This is the nicest one I have made,the butt works aso much better then the shoulder.Thanks for the point Justin I appreciate it

Richie


----------



## disco (Jan 24, 2016)

Points for Beautiful Buck Board Bacon, Bro (is that BBBBB?)

Disco


----------



## crankybuzzard (Jan 24, 2016)

That does look very nice indeed.   I need to make some.


----------



## tropics (Jan 24, 2016)

Disco said:


> Points for Beautiful Buck Board Bacon, Bro (is that BBBBB?)
> 
> Disco


Disco Thank you I have to fry some up with eggs maybe tomorrow Thanks for the point 

Richie


----------



## homegrown heat (Jan 25, 2016)

tropics
 nice work!  With the wholesale cost of a decent belly here in Canada (per kg about $10.45), BBB looks like the way to go at almost 1/3 that cost.....nice work bro.


----------



## smokin phil (Jan 25, 2016)

.


----------



## tropics (Jan 26, 2016)

CrankyBuzzard said:


> That does look very nice indeed. I need to make some.


 CB I made it with a picnic shoulder once not as nice as the butt


homegrown heat said:


> @tropics nice work! With the wholesale cost of a decent belly here in Canada (per kg about $10.45), BBB looks like the way to go at almost 1/3 that cost.....nice work bro.


 It is cheaper then belly here also.

Thanks for the nice words guys

Richie


----------



## worktogthr (Jan 26, 2016)

Looks great richie!  I will have to try this for sure but right now I have so much bacon in my freezer I'll hold off!


----------



## tropics (Jan 26, 2016)

Smokin Phil said:


> I never get tired of seeing BBB. It's like a slice of love.


Phil thanks I agree a slice of love, with some eggs Thanks for the point I appreciate it

Richie


----------



## Bearcarver (Jan 26, 2016)

tropics said:


> Finally all sliced and packaged up
> 
> Knife sliced without freezing
> 
> ...


Looks Awesome, Richie!!!
	

	
	
		
		



		
		
	


	









That's Pretty Stuff!!--------------
	

	
	
		
		



		
		
	


	





Bear


----------



## tropics (Jan 26, 2016)

Bearcarver said:


> Looks Awesome, Richie!!!
> 
> 
> 
> ...


John Glad to see you back online.We wound up with almost 30"s of snow. Thanks for the point I appreciate it

Richie


----------



## Bearcarver (Jan 26, 2016)

tropics said:


> John Glad to see you back online.We wound up with almost 30"s of snow. Thanks for the point I appreciate it
> 
> Richie


Thanks Richie!!

We ended up with about 31", and it almost freaking killed me!!!

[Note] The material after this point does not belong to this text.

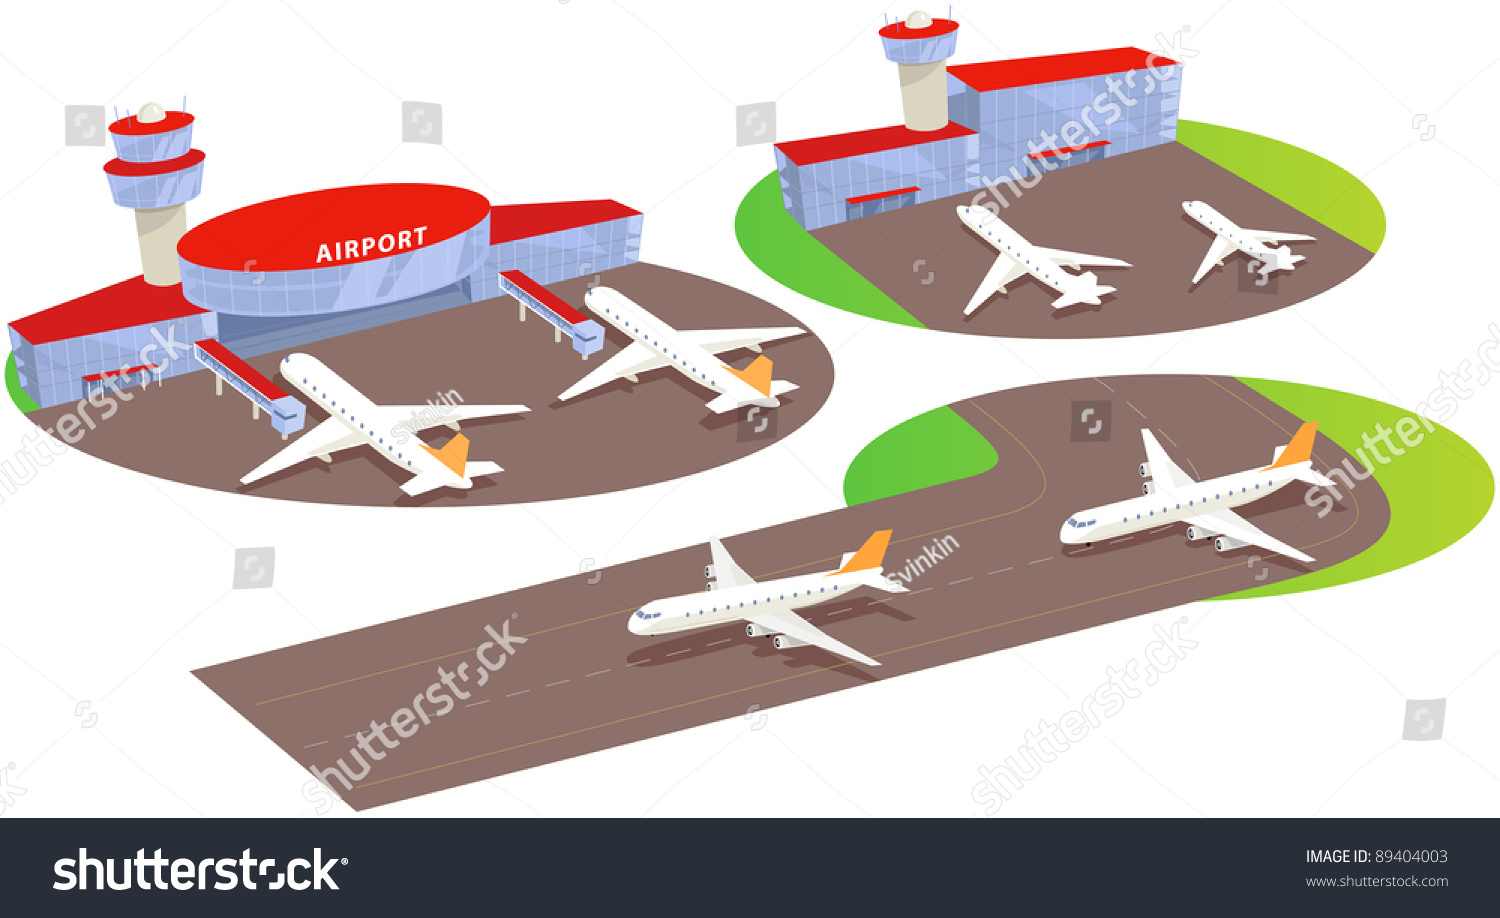 clipart of airport - photo #47

Anything over 22" is a Royal PITA !!!

Bear


----------



## tropics (Jan 26, 2016)

Bearcarver said:


> Thanks Richie!!
> 
> We ended up with about 31", and it almost freaking killed me!!!
> 
> ...


I hear ya my heart rate was way up.

Richie


----------



## dukeburger (Jan 26, 2016)

Beauty BBB, Richie! Nice sliced shots. Points!


----------



## tropics (Jan 27, 2016)

DB sorry I thought I responded to this,my bad it was another post.Thanks for the point and kind words I appreciate it

Richie


----------